Mr. Malter, still thin and sickly, begins taking his teaching more seriously than before and lectures perpetually on the importance of Palestine as the Jewish homeland. "He had always prepared for his classes, but there was a kind of heaviness to the way he went about preparing now, writing everything down, rehearsing his notes aloud - as if he were trying to make certain that nothing of significance would remain unsaid, as if he felt the future hung on every idea he taught" Chapter 13, p. 213. Mr. Malter's heartfelt speech about starting a Jewish homeland and not waiting for the messiah anymore touches and concerns Reuven, for he still wants to be a rabbi. Although he wants Reuven to become a professor, he knows that America needs good rabbis. His thoughts on death and his own imminent mortality frighten Reuven and he wonders what his father would think about Reb Saunders' explosion against Zionism. Mr. Malter informs Reuven that Jack Rose, an unreligious, secular Jew has made a large contribution to the Jewish National Fund and that many more Jews like him will now begin attending synagogue more often. Reuven does not want synagogues full of these types of Jews, but nonetheless wants to help with this new wave of American Jewry.

Topic Tracking: Zionism 5

One Friday afternoon, Reuven reads books on Psychology in the library and discovers the source of Danny's frustration. They barely mention Freud and sound precisely like his professor. "Poor Danny, I thought. Professor Appleman, with his experimental psychology, is torturing your mind. And your father, with his bizarre silence - which I still couldn't understand, no matter how often I thought about it - is torturing your soul" Chapter 13, p. 222.

Topic Tracking: Silence 4

The two boys discuss Psychology at lunch and Danny explodes at Reuven after he mentions the importance of both types of study. After Danny finally talks with Appleman for over an hour, he returns to apologize to Reuven over his temper. He now sees what Appleman means and wants to learn more, with the help of a mathematician - Reuven. He now reveres his professor and sees all the problems with his beloved Freud, despite his yearning to still learn more about him.

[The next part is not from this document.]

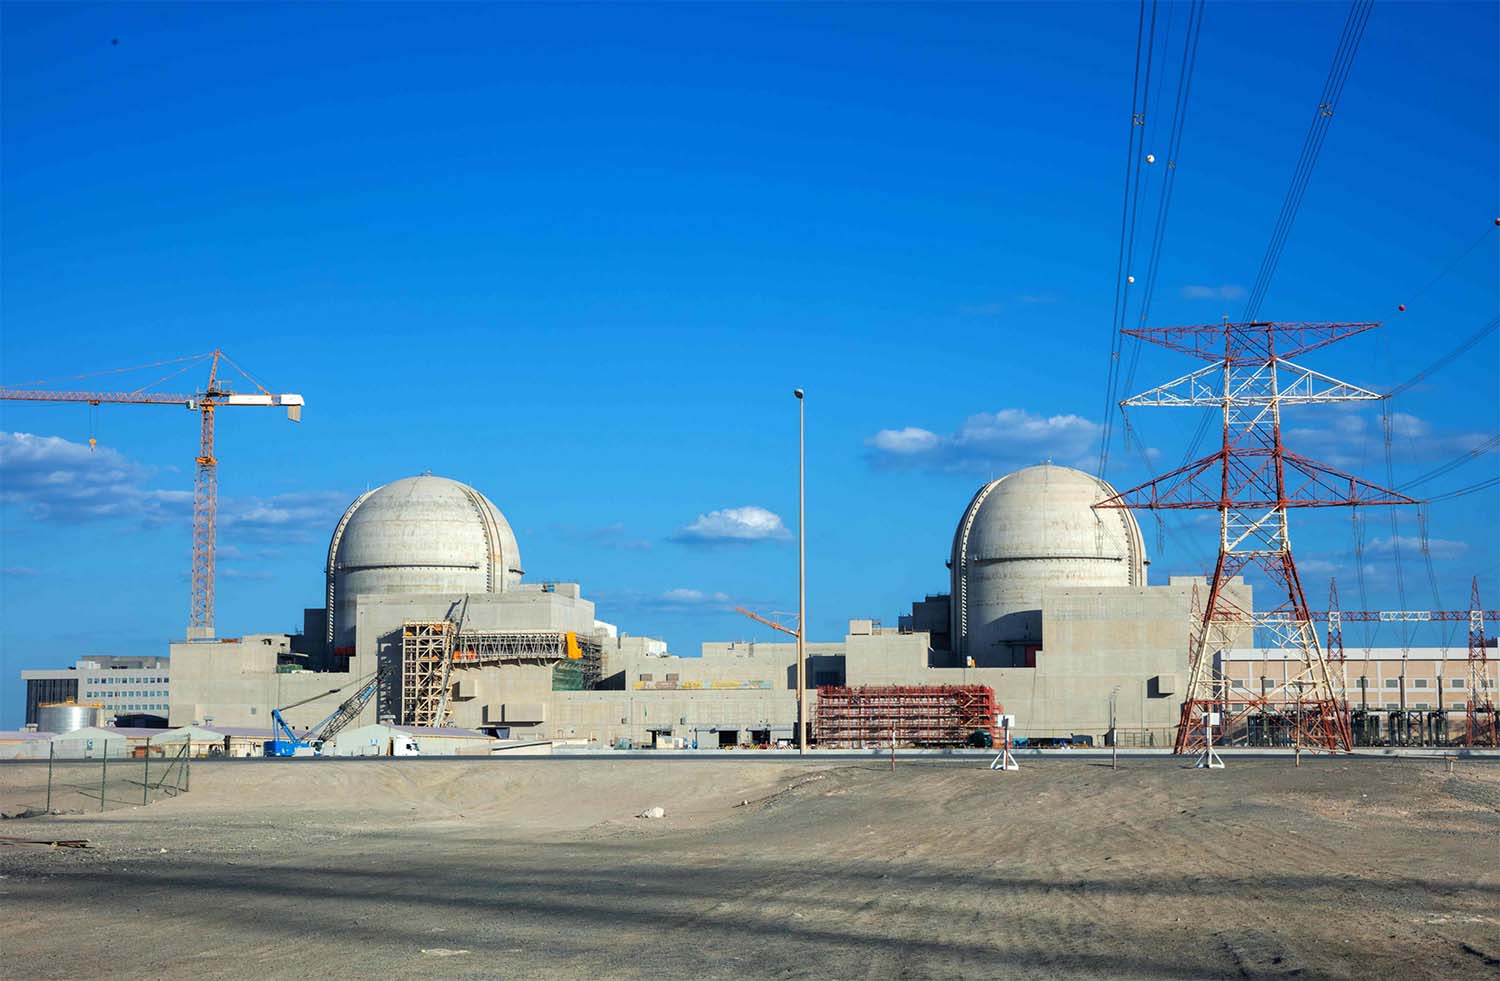 Barakah Nuclear Power Plant

Mr. Malter's health continues to plummet, causing Reuven to worry on a daily basis. He is obsessed with the rally at which he is speaking on Zionism. The Zionist/anti-Zionist debate escalates in every outlet of society: school, home, friendship, with the two friends. Fights erupt in school comparing Zionists to Hitler, meanwhile Mr. Malter sleeps less and prepares for his rally at Madison Square Garden. Despite a snowstorm and nervousness, the speech is a tremendous success and is covered in every newspaper. The following day, Danny shuns Reuven and ignores him. He eventually talks to Reuven in the bathroom telling him that his father has excommunicated him and his father. Brokenhearted, Reuven cannot believe that his father allowed him to read so many books over the years and did not find problems. "It seemed so incredible to me, so outrageously absurd. Not Freud but Zionism had finally shattered our friendship" Chapter 13, p.231. Shunned by every Hasid in school and the community, Reuven complains to his father. Mr. Malter feels terrible for having both brought the two boys together and now torn them apart. However, he understands that it is Reb Saunders' fanaticism that has kept the Jews alive over two thousand years of persecution.